• BRIEF: Keep the lines exact and the pictures out as you repeat the following listing.

• DATASET EXTRACT:
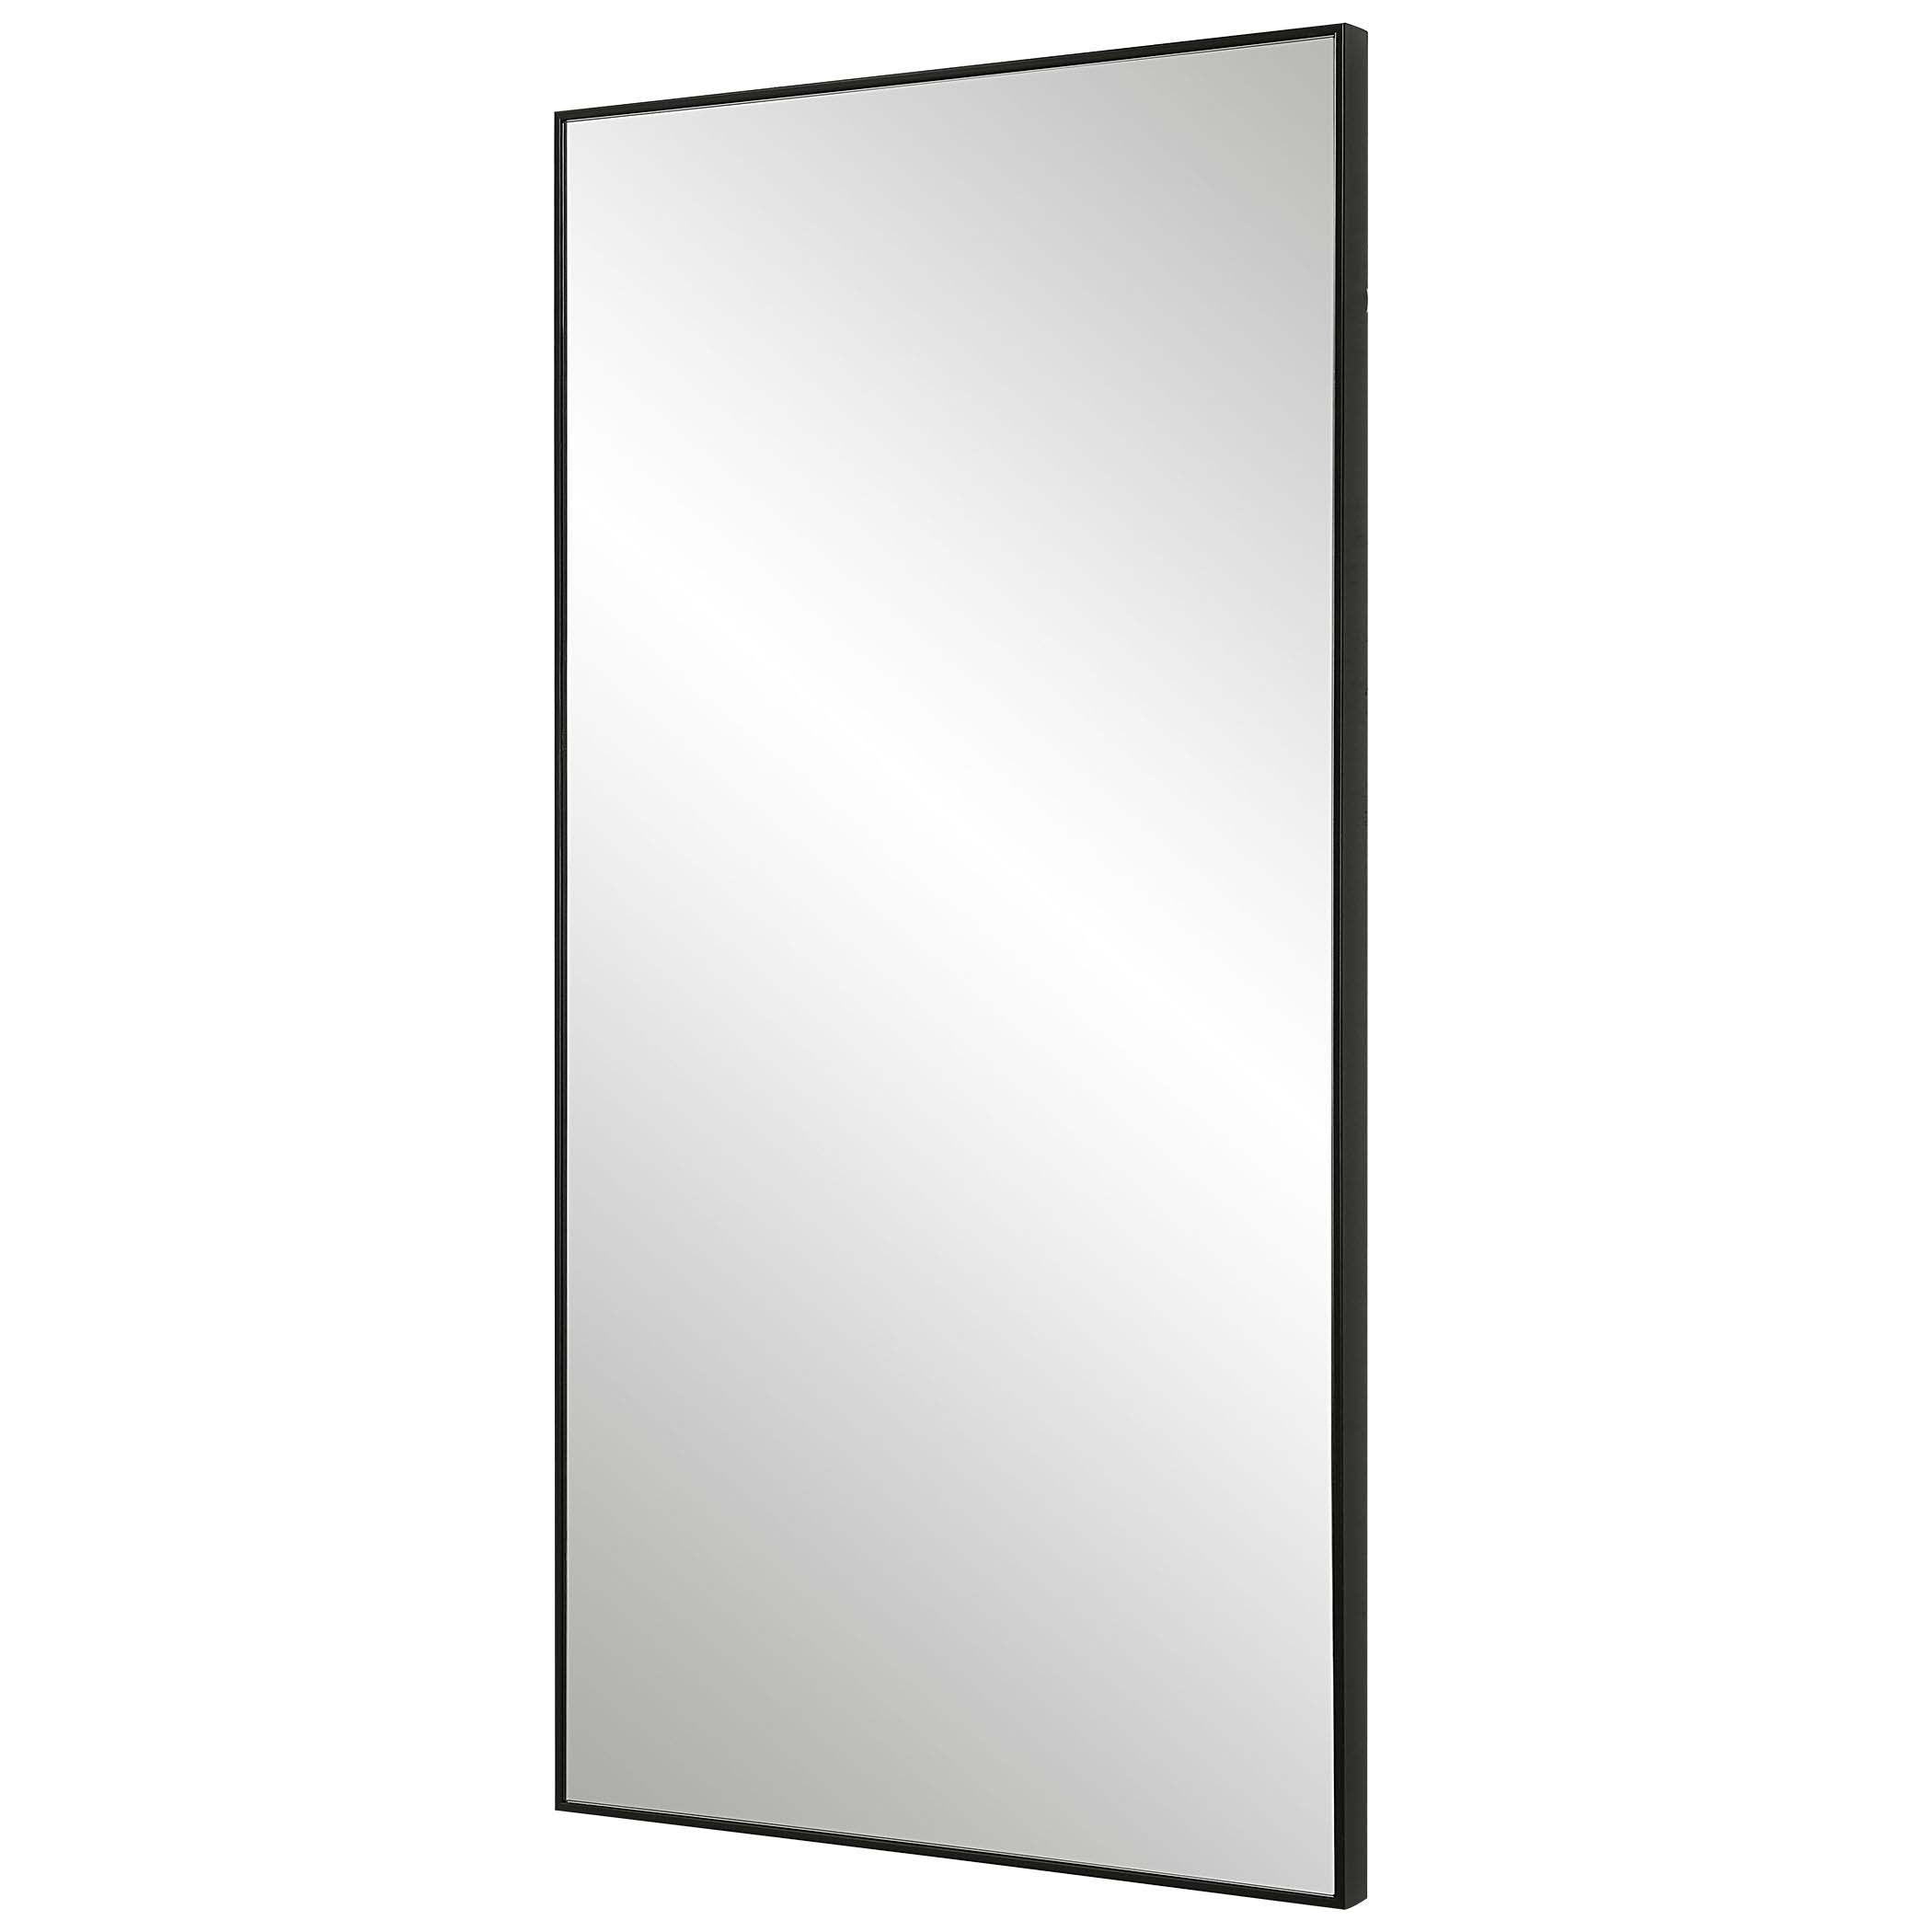 Decor Market Mirror - Black Finish With Plain Mirror
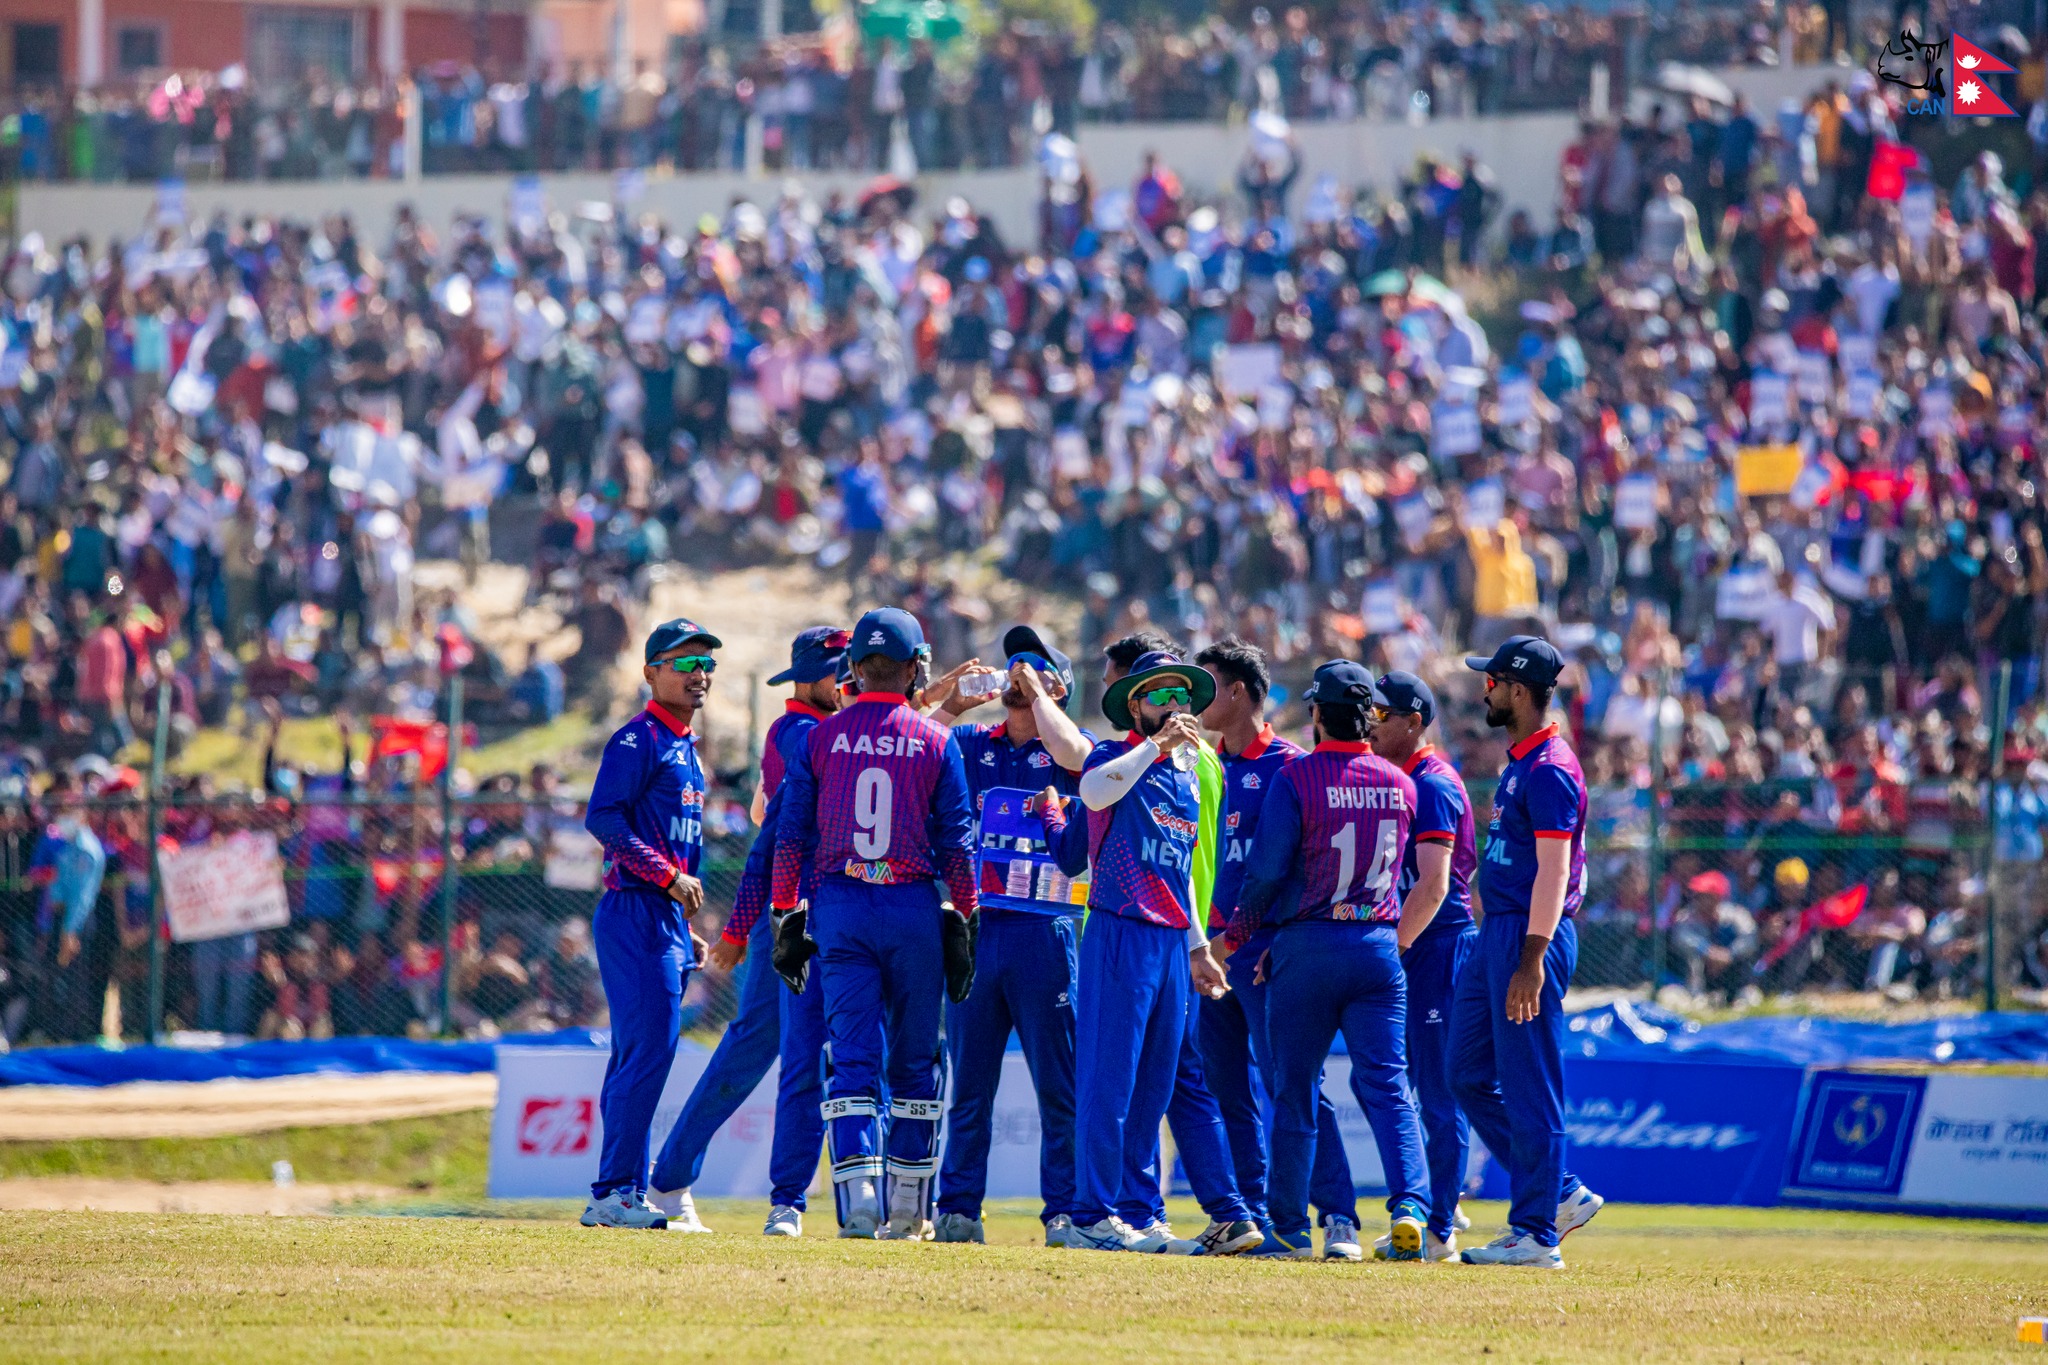 T20 World Cup Qualifier semis Nepal chasing 135run target against UAE
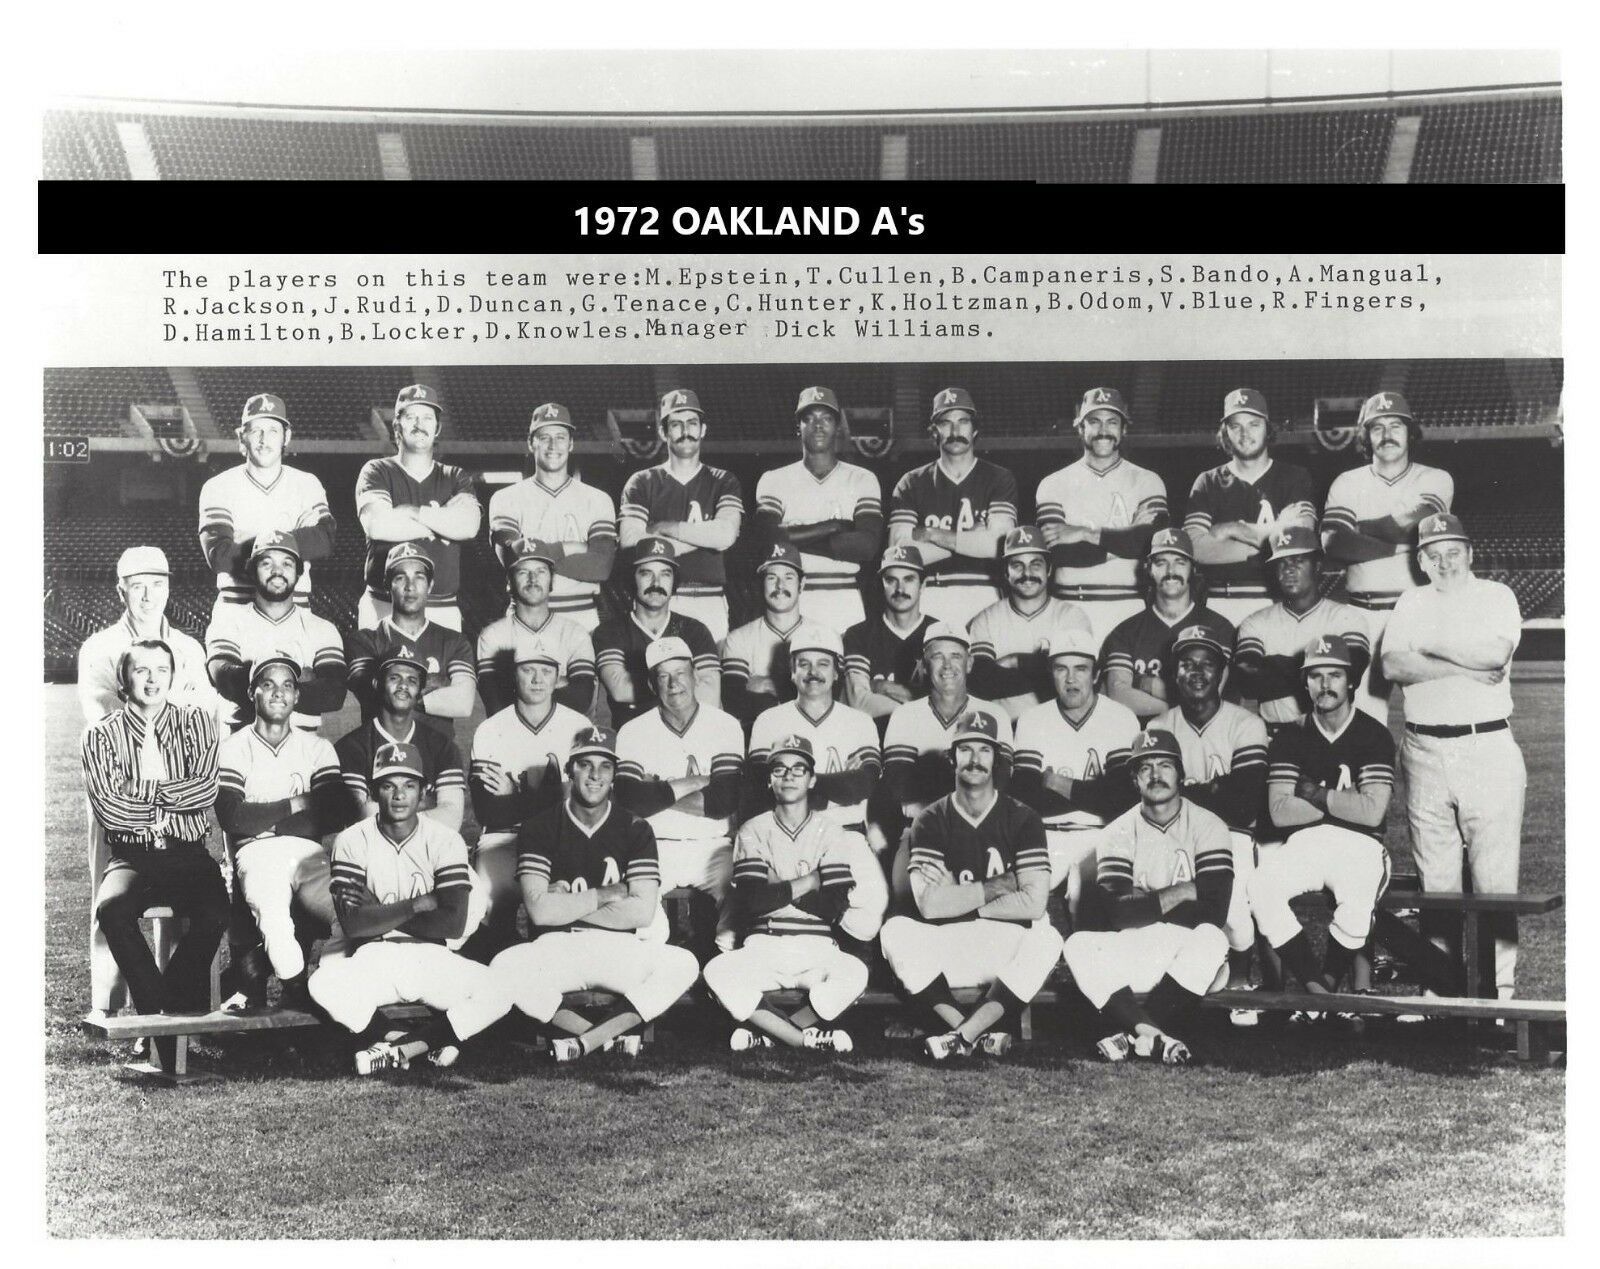 1972 OAKLAND ATHLETICS A's 8X10 TEAM PHOTO MLB BASEBALL PICTURE WORLD CHAMPS - $4.94

• COMPLETED TASK:
 Decor Market Mirror - Black Finish With Plain Mirror
 T20 World Cup Qualifier semis Nepal chasing 135run target against UAE
 1972 OAKLAND ATHLETICS A's 8X10 TEAM PHOTO MLB BASEBALL PICTURE WORLD CHAMPS - $4.94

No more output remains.